━━━ DATA SUPPLIED
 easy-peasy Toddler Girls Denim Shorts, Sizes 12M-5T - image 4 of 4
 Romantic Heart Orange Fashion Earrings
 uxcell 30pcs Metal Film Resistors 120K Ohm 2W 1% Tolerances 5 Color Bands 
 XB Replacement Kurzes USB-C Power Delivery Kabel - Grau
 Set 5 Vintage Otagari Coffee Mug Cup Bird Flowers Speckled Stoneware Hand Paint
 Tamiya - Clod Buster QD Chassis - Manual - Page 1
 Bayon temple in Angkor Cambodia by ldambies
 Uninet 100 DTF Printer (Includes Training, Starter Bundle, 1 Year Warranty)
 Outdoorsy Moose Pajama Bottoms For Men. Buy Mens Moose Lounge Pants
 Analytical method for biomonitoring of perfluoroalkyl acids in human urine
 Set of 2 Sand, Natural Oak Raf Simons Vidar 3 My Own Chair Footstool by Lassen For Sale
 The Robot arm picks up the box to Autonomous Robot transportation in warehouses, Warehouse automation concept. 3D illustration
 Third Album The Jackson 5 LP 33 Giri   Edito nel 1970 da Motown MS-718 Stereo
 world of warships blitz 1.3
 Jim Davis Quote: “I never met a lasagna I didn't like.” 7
━━━━━━
TASK REQUIREMENTS >>
Out of the data above, give again only the lines starting at the one holding "XB Replacement Kurzes" and ending at the one holding "world of warships blitz 1.3", unchanged.

SOLUTION TO THIS PROBLEM >>
 XB Replacement Kurzes USB-C Power Delivery Kabel - Grau
 Set 5 Vintage Otagari Coffee Mug Cup Bird Flowers Speckled Stoneware Hand Paint
 Tamiya - Clod Buster QD Chassis - Manual - Page 1
 Bayon temple in Angkor Cambodia by ldambies
 Uninet 100 DTF Printer (Includes Training, Starter Bundle, 1 Year Warranty)
 Outdoorsy Moose Pajama Bottoms For Men. Buy Mens Moose Lounge Pants
 Analytical method for biomonitoring of perfluoroalkyl acids in human urine
 Set of 2 Sand, Natural Oak Raf Simons Vidar 3 My Own Chair Footstool by Lassen For Sale
 The Robot arm picks up the box to Autonomous Robot transportation in warehouses, Warehouse automation concept. 3D illustration
 Third Album The Jackson 5 LP 33 Giri   Edito nel 1970 da Motown MS-718 Stereo
 world of warships blitz 1.3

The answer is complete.